What to do. The entries below contain pictures, which are to be left out; write out exactly, and only, the lines from the line with "Cotton Slub Palm Leaves Print Shirt" up to and including the line with "El caso Dreyfus".

Data provided.
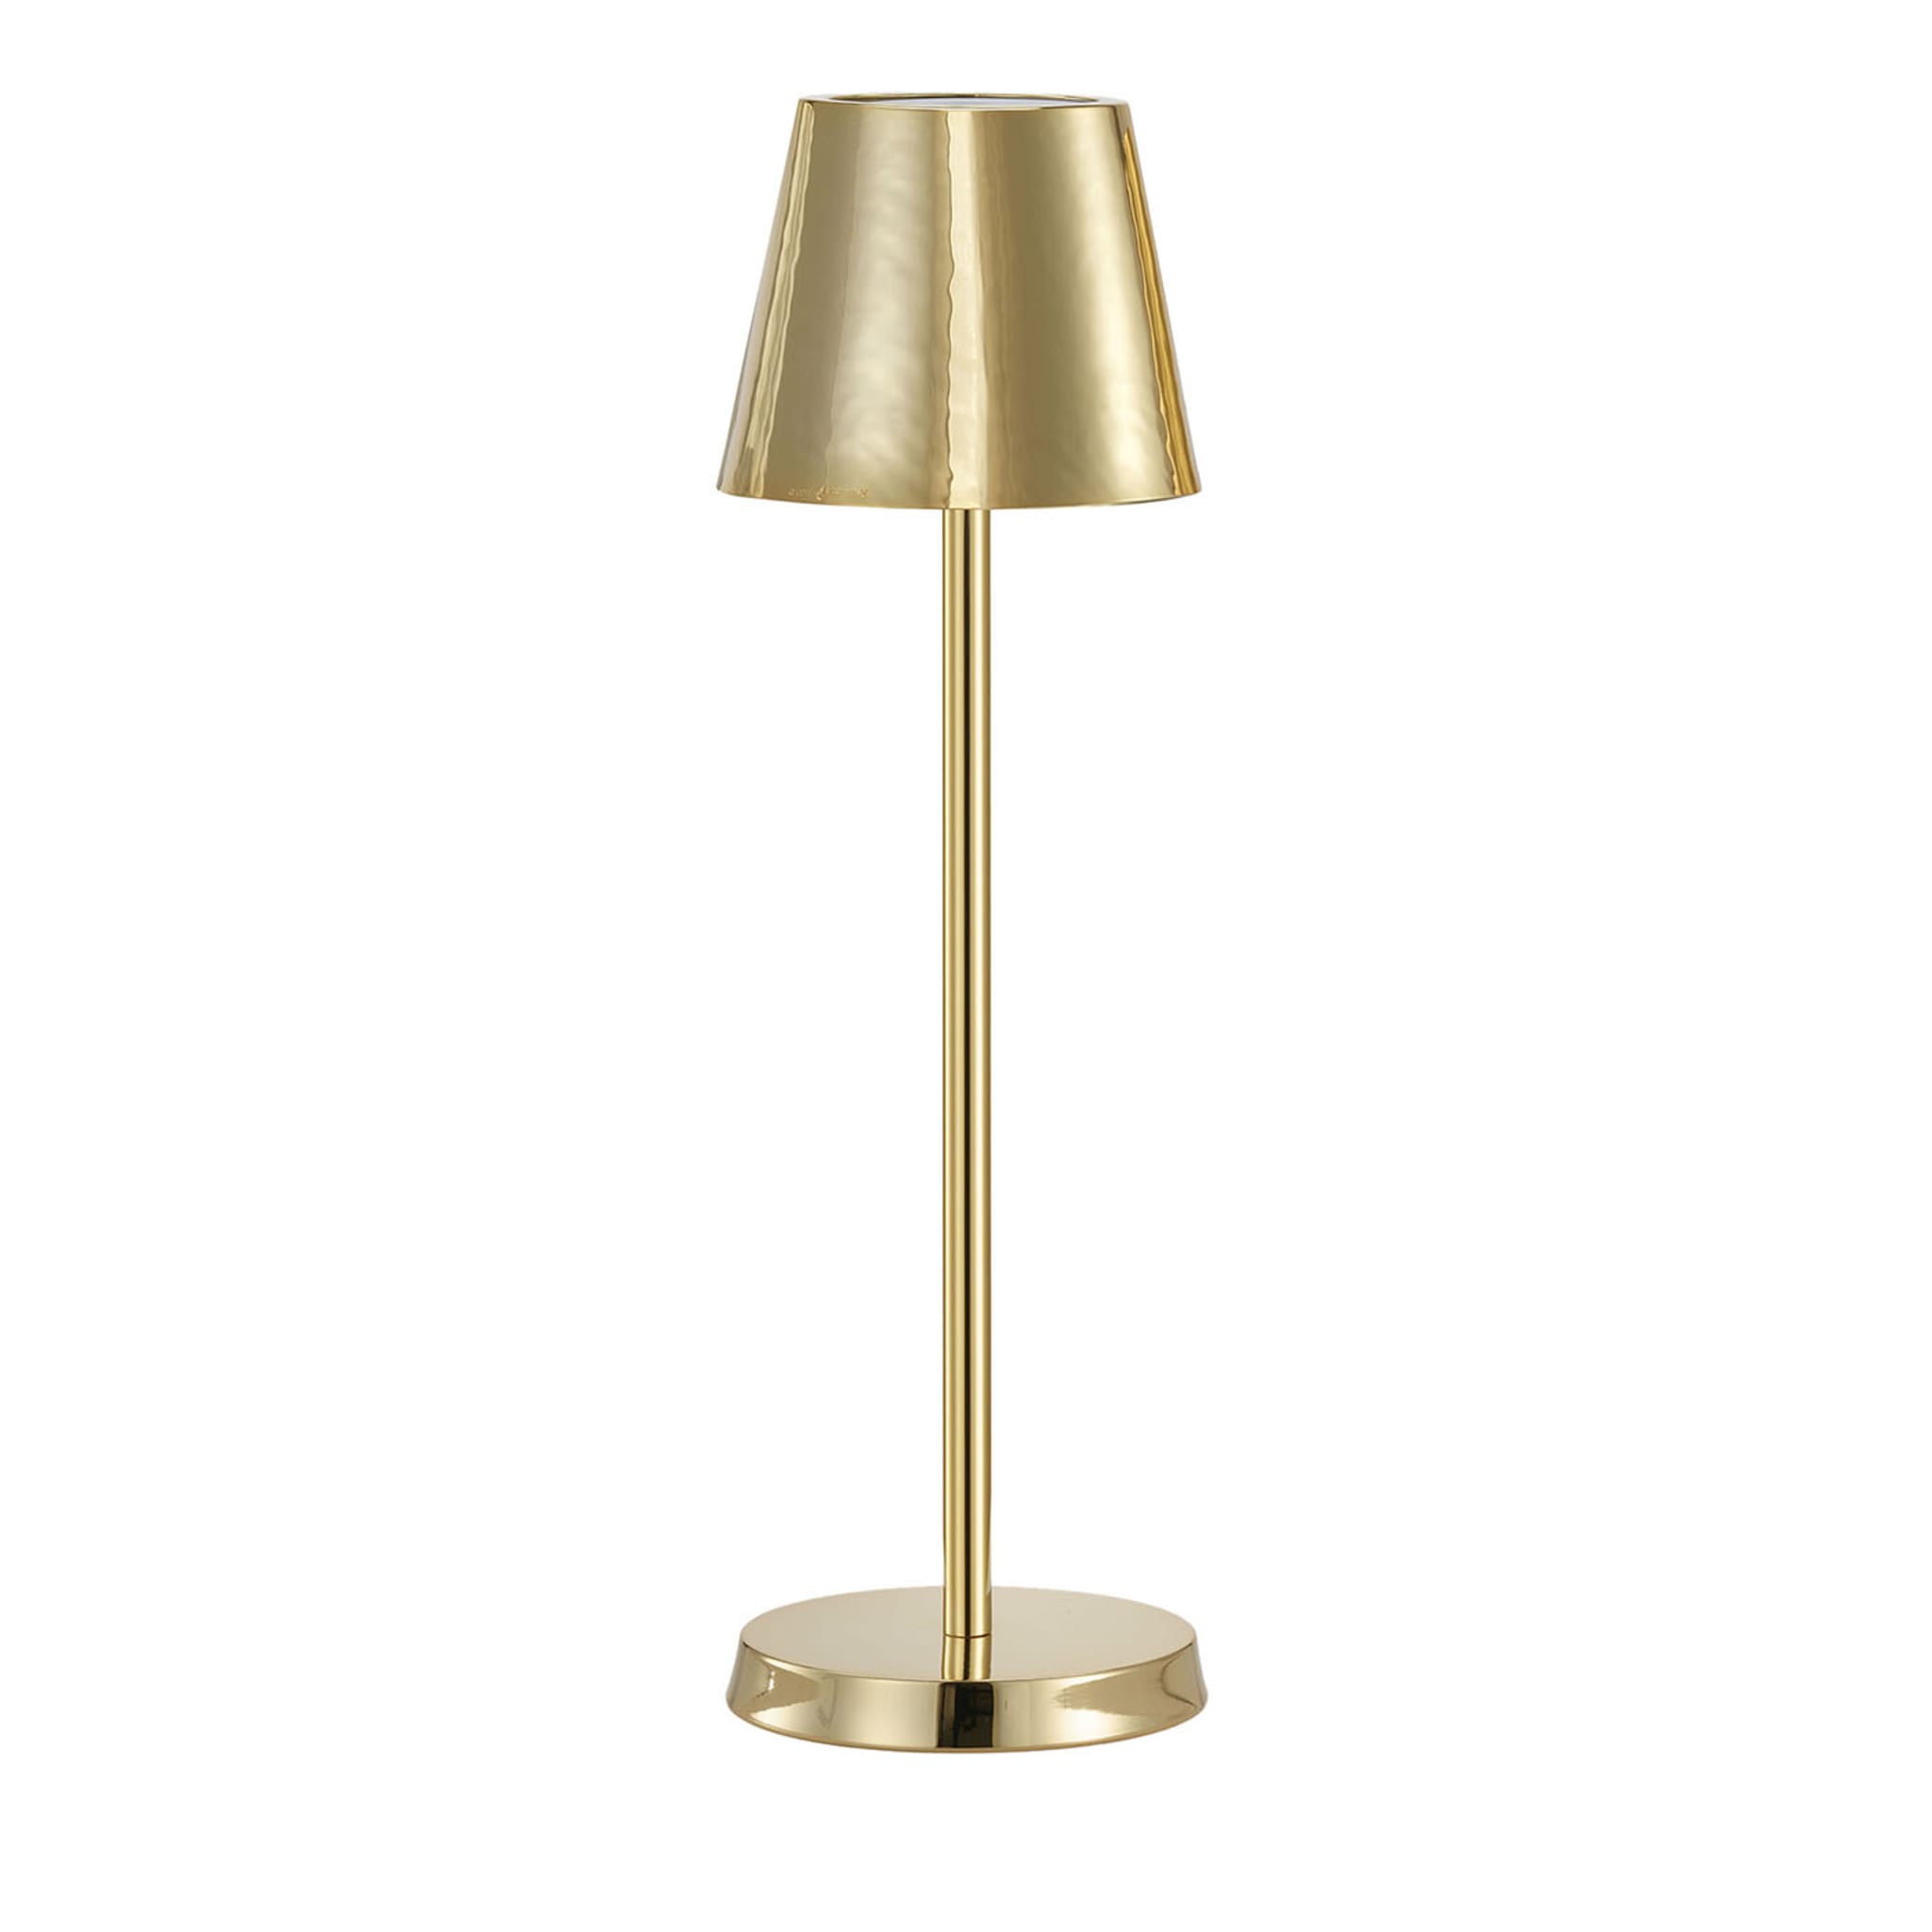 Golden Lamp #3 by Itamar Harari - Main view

...

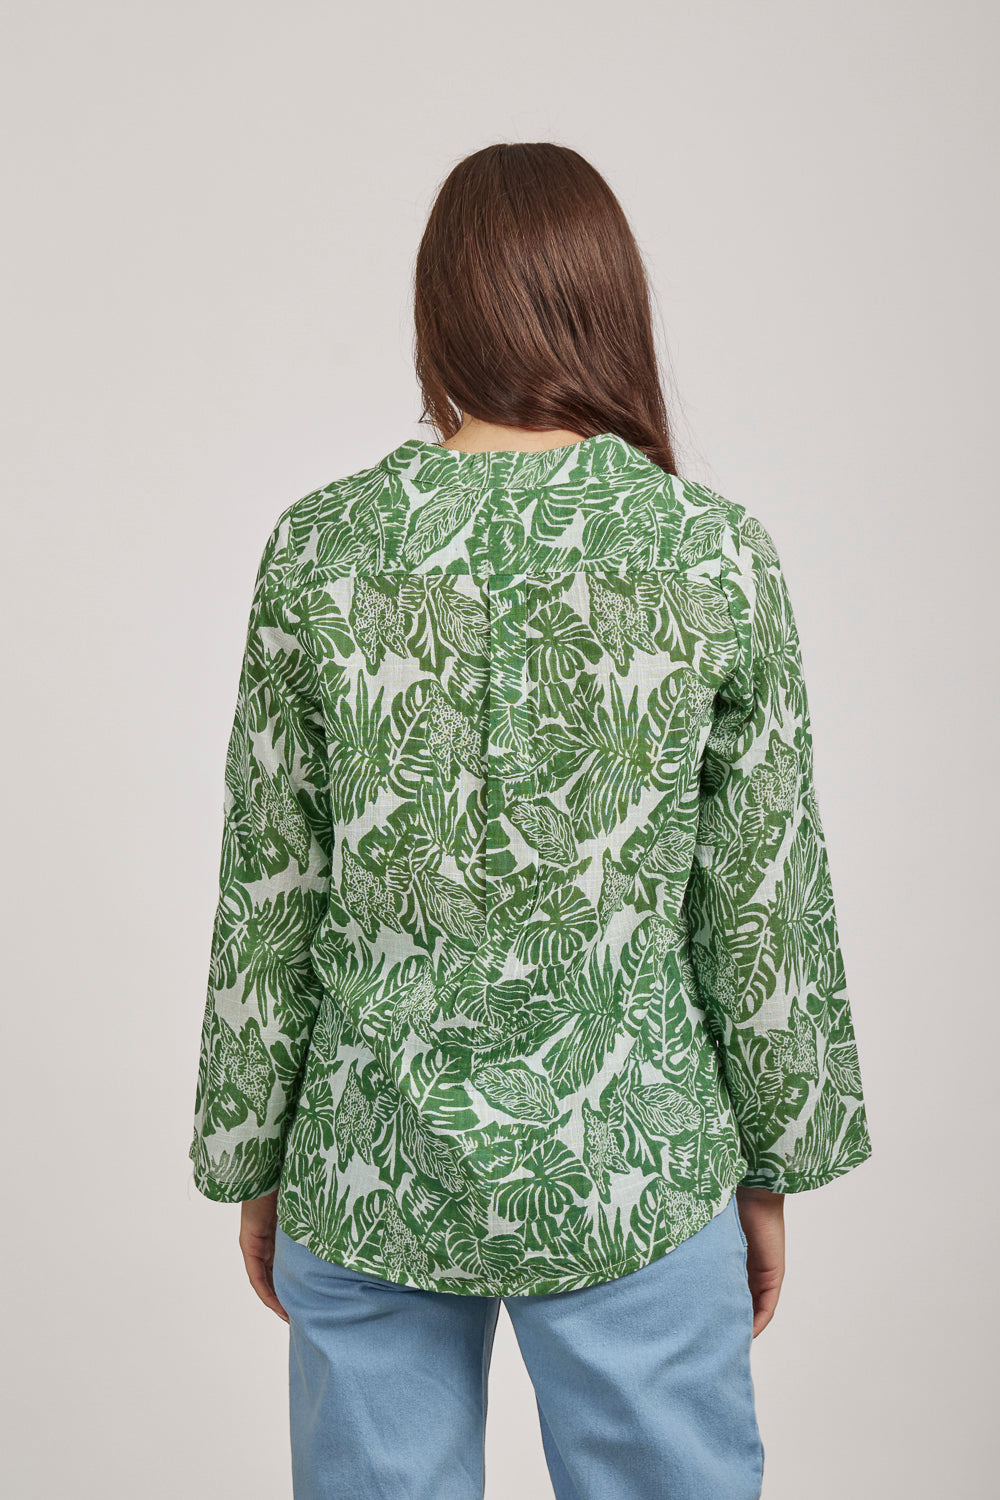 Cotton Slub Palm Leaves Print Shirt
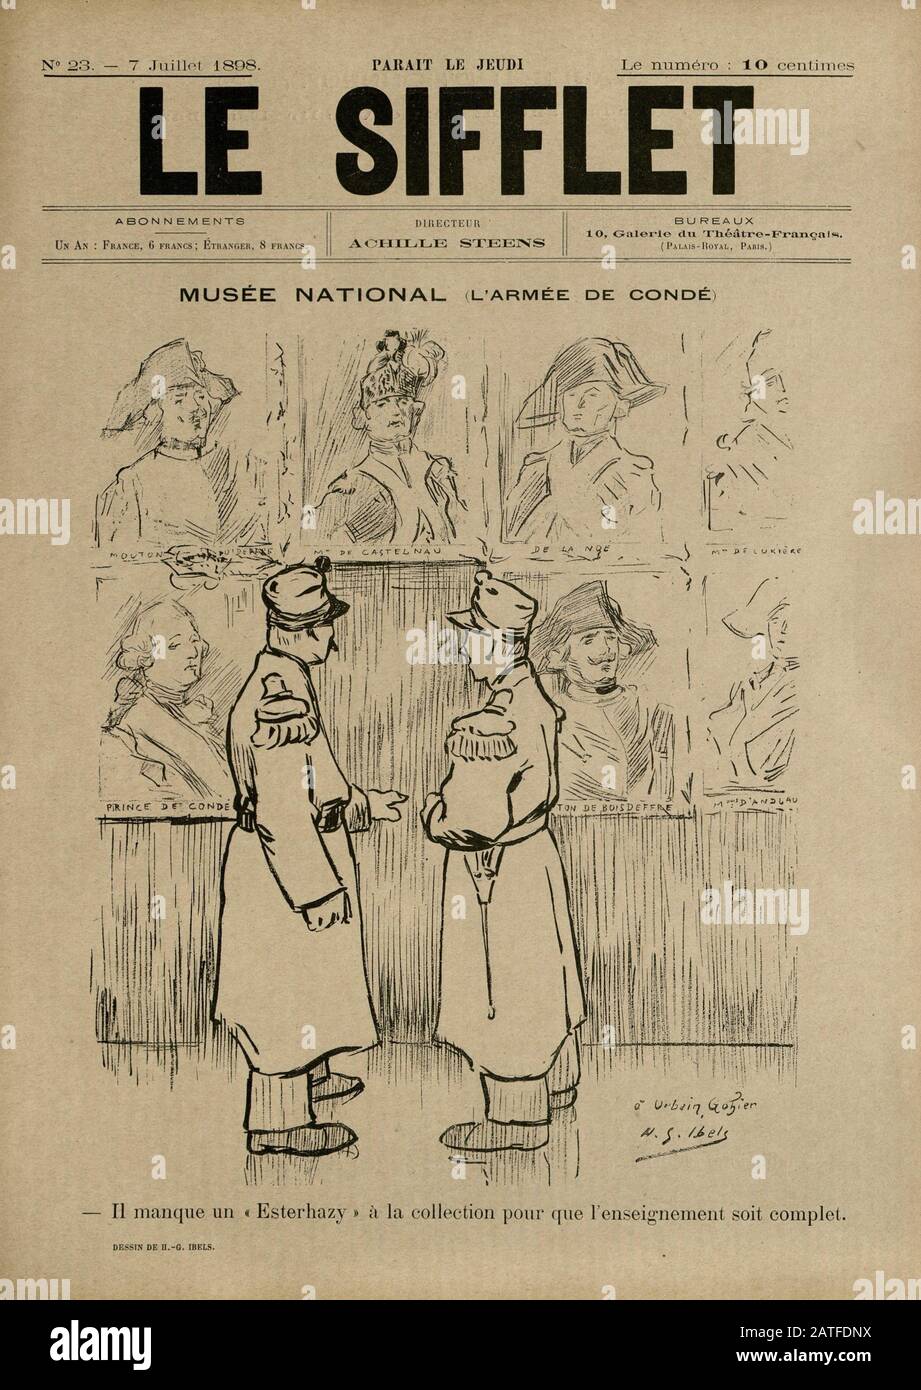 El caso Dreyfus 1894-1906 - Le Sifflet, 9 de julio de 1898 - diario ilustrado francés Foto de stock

--

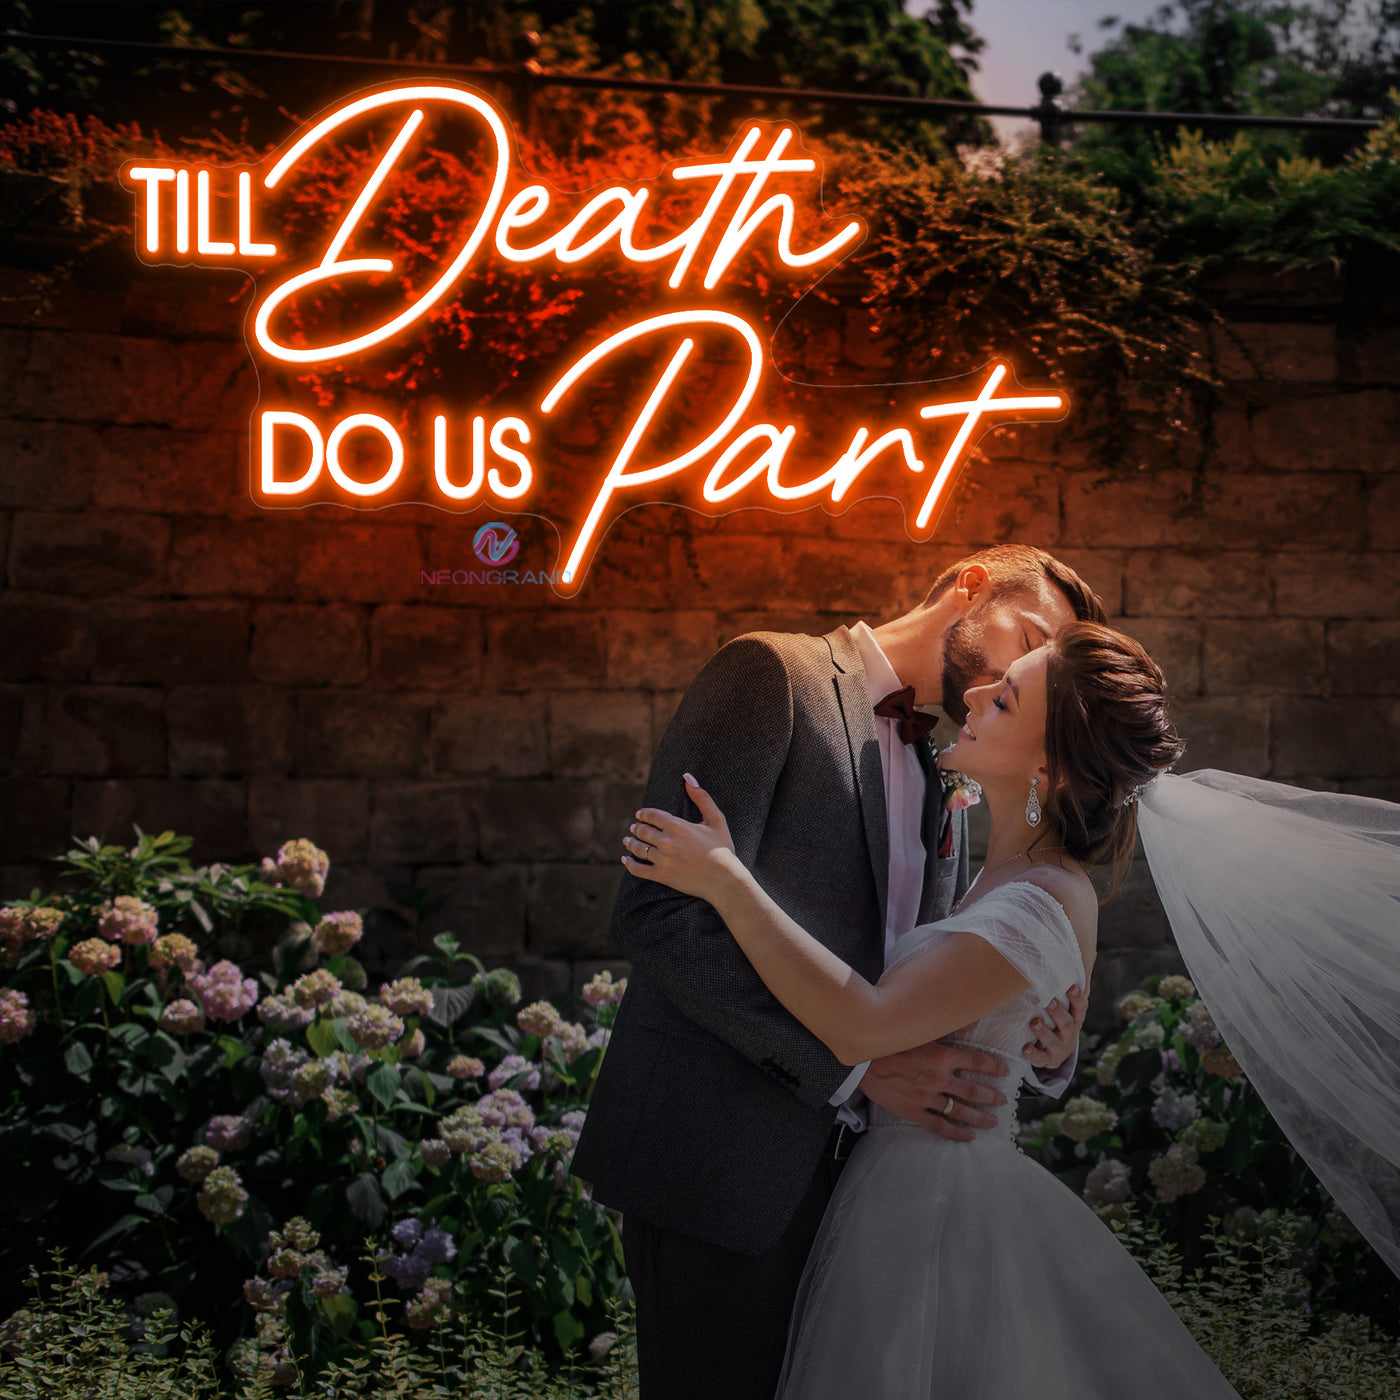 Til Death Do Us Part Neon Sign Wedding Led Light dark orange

Exercise solution.
 Cotton Slub Palm Leaves Print Shirt
 El caso Dreyfus 1894-1906 - Le Sifflet, 9 de julio de 1898 - diario ilustrado francés Foto de stock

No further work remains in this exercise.